_How to complete this task_
Leave the pictures out and return every line below exactly.

[[ Raw data open ]]

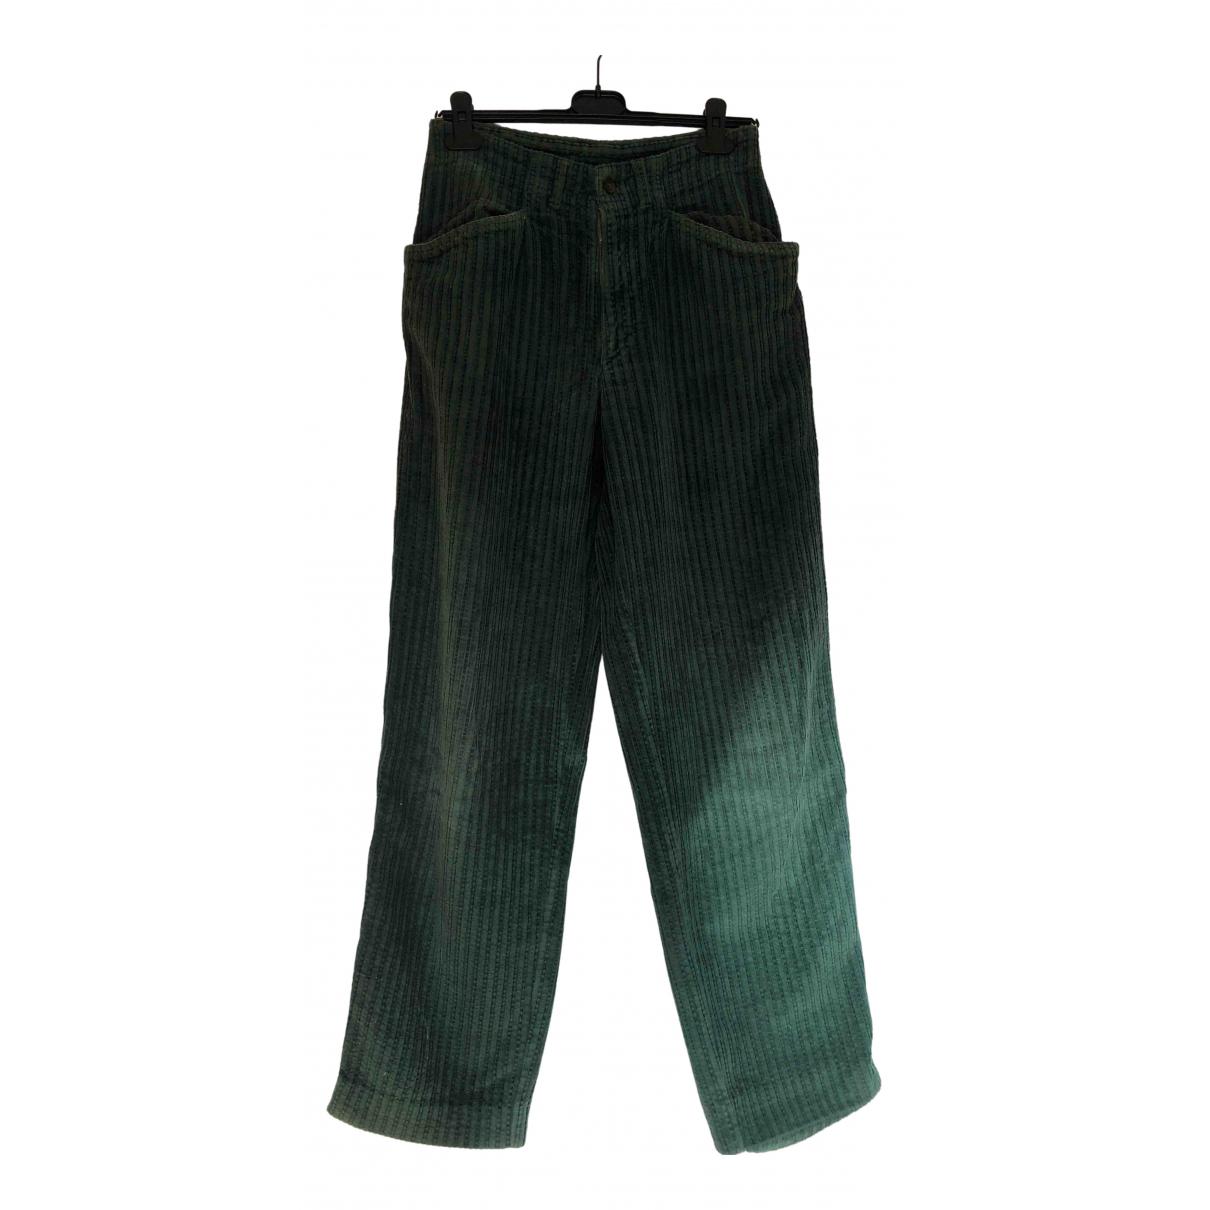 Benetton - Pantalon   pour homme en velours - vert
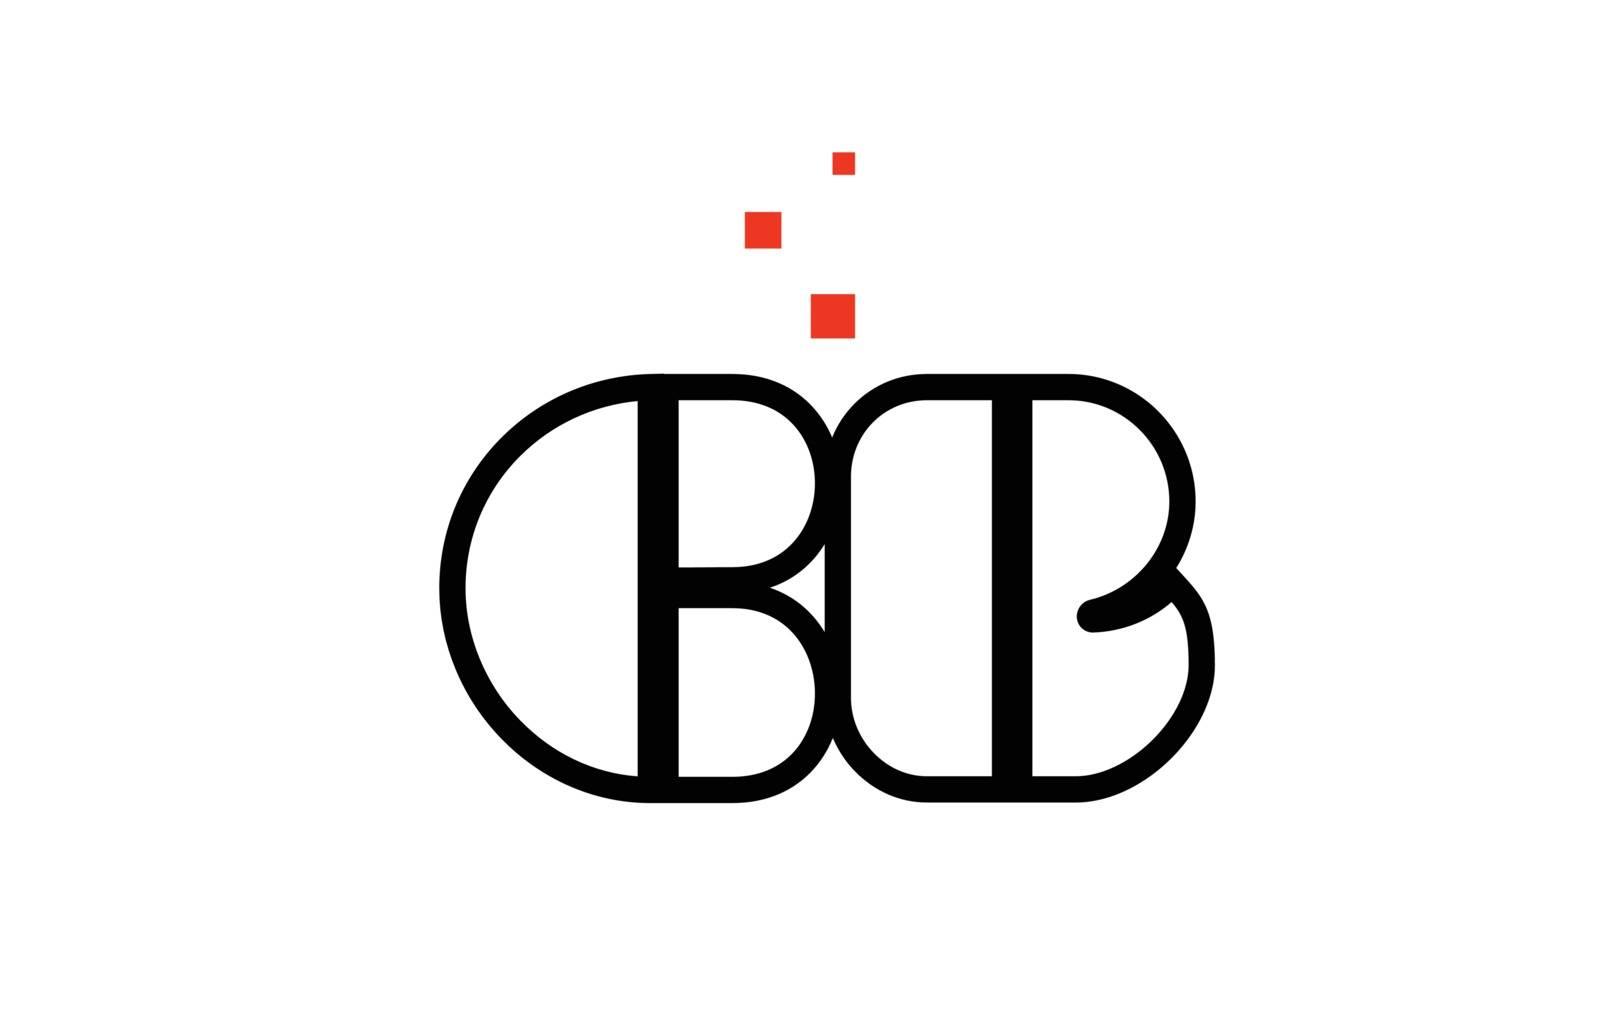 CB C B black white red alphabet letter combination logo icon des by dragomirescu
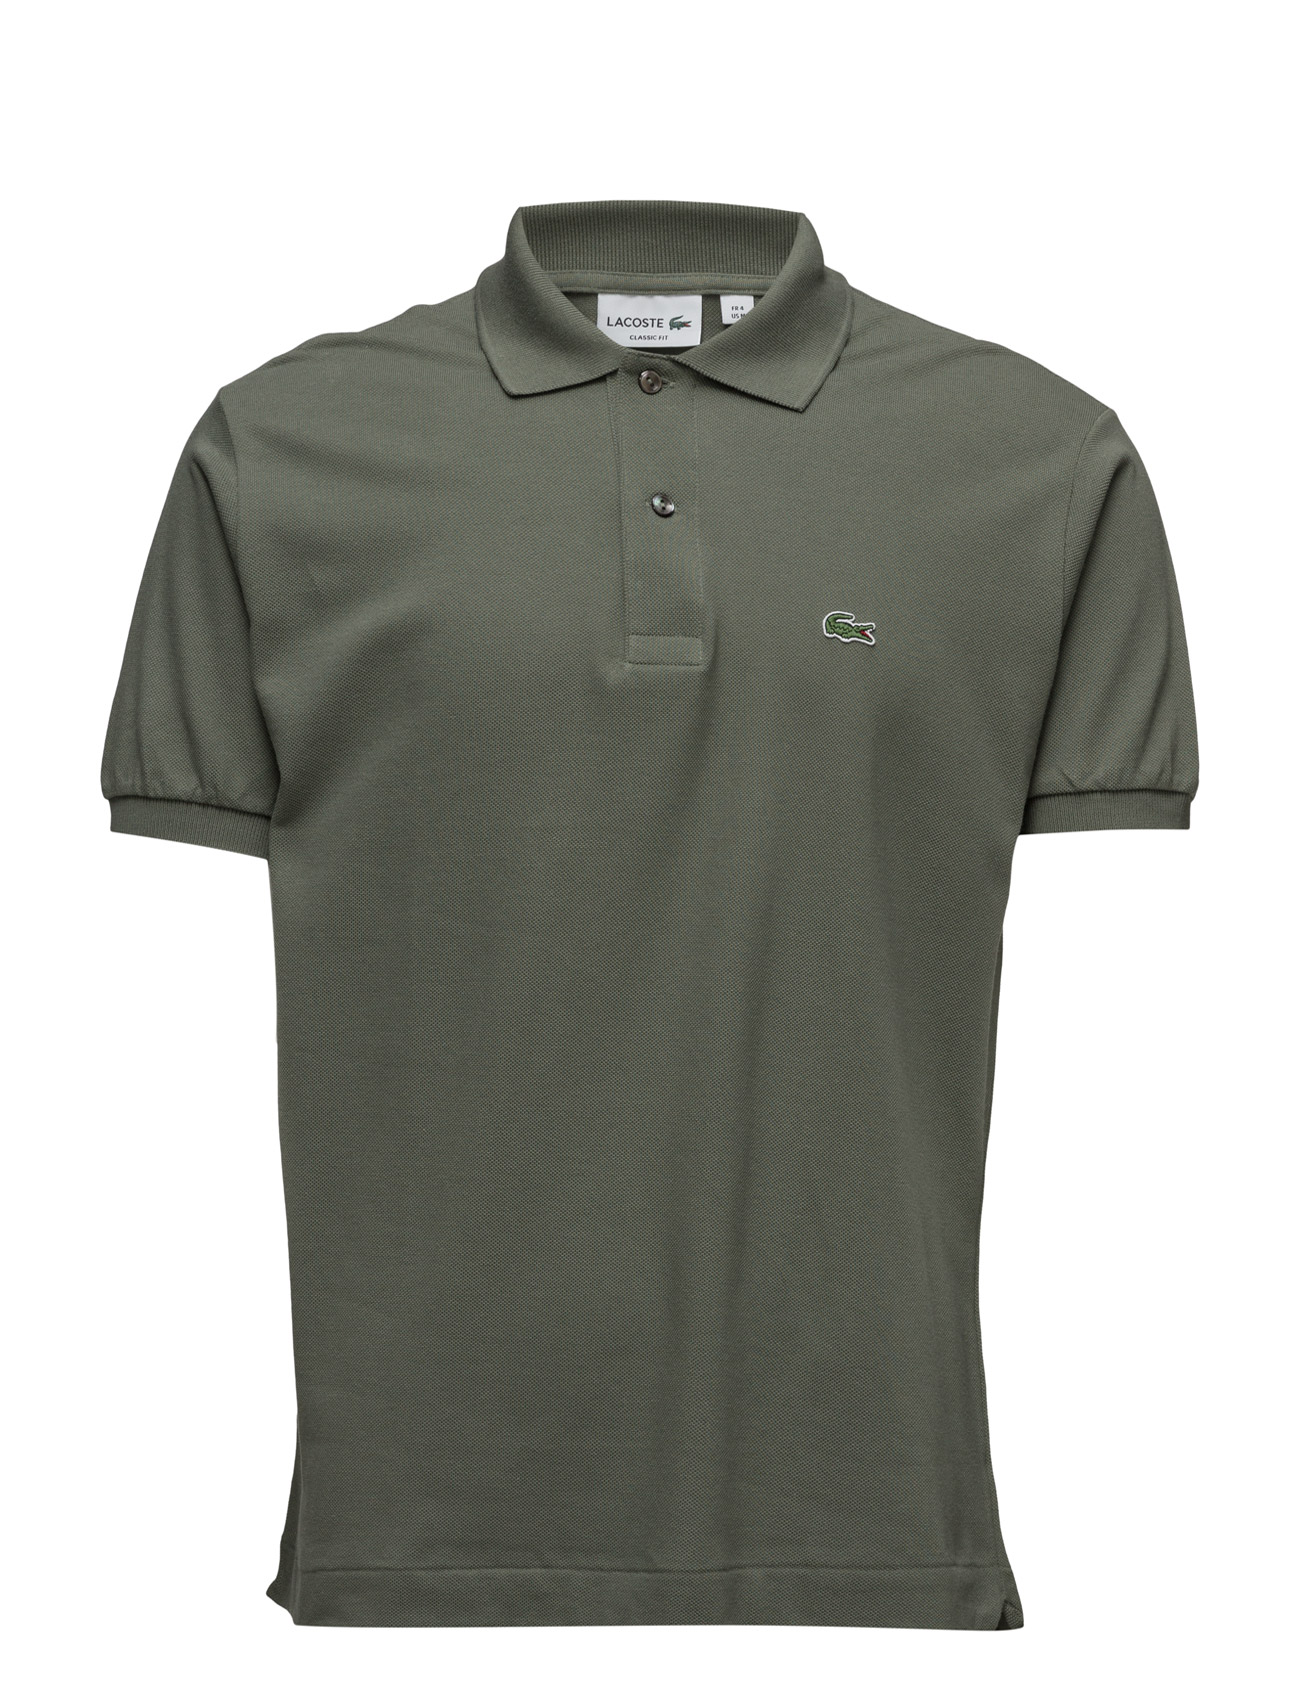 Chemise Col Bor Lacoste Polo t-shirts til Mænd i
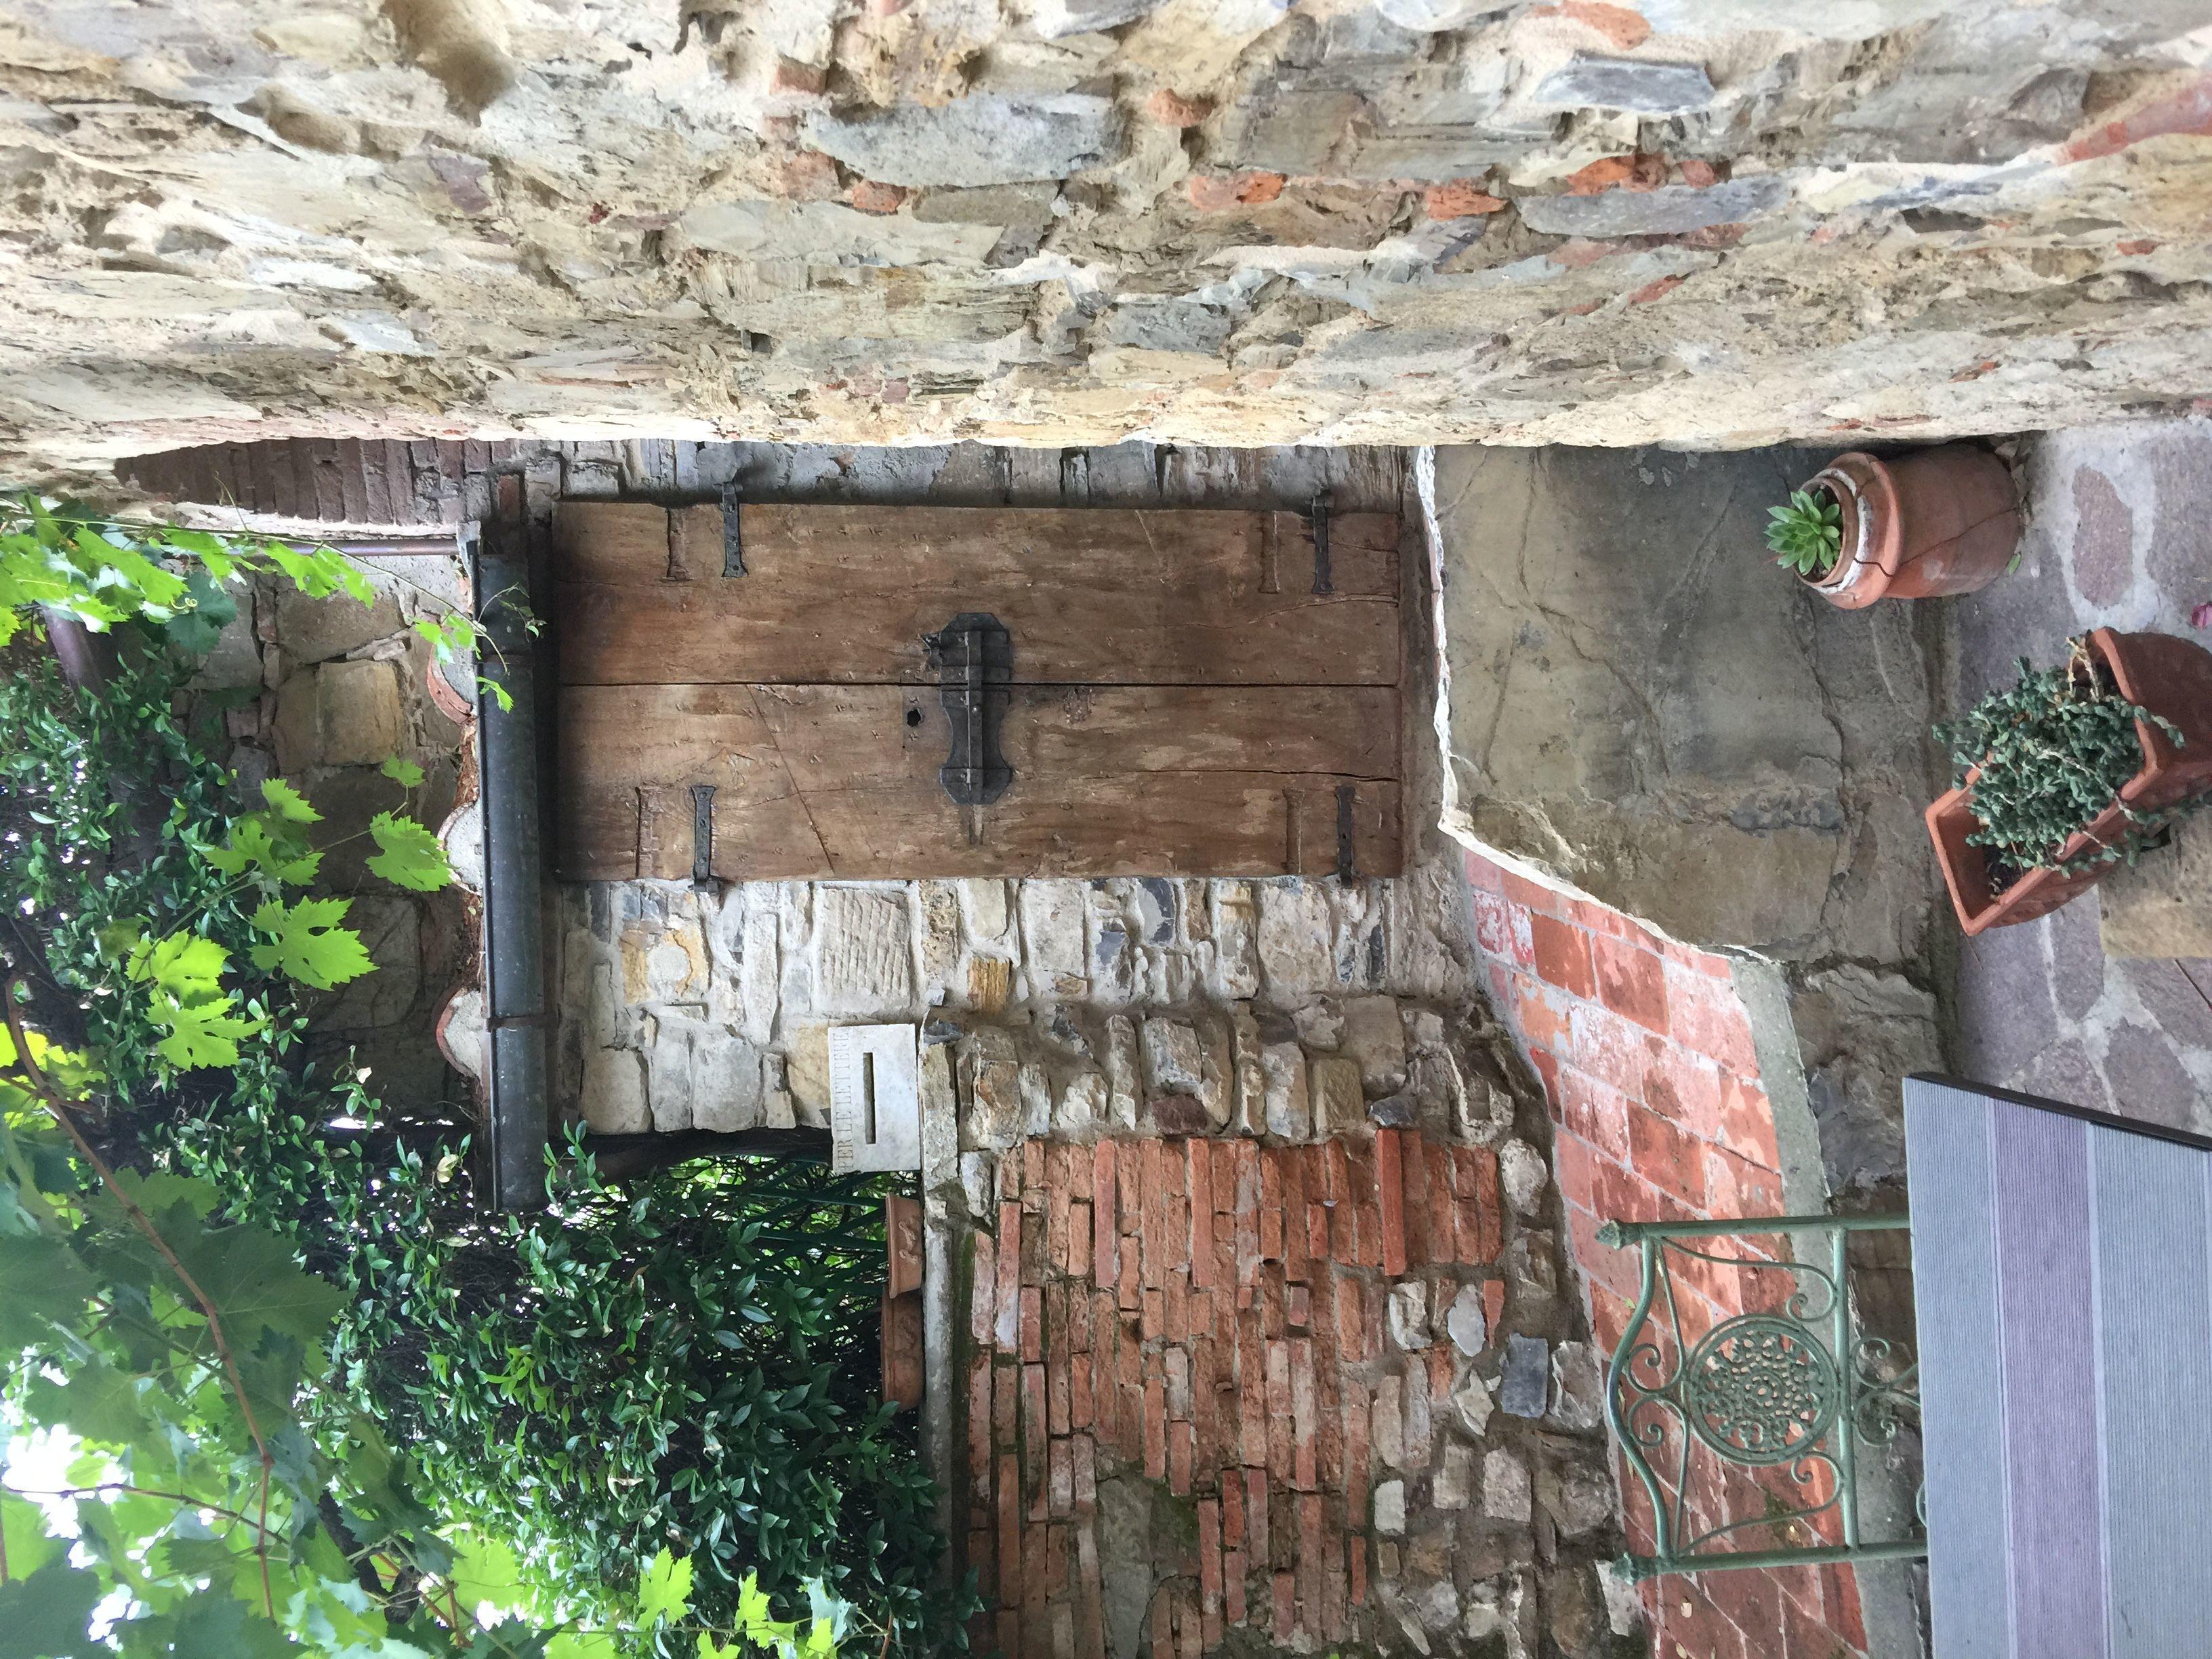 Villa fracassini 6 slaapplaatsen in 3 slaapkamers pergine valdarno toscane itali - Kubieke villa ...

[[ Raw data closed ]]

_Your solution_
 Benetton - Pantalon   pour homme en velours - vert
 CB C B black white red alphabet letter combination logo icon des by dragomirescu
 Chemise Col Bor Lacoste Polo t-shirts til Mænd i
 Villa fracassini 6 slaapplaatsen in 3 slaapkamers pergine valdarno toscane itali - Kubieke villa ...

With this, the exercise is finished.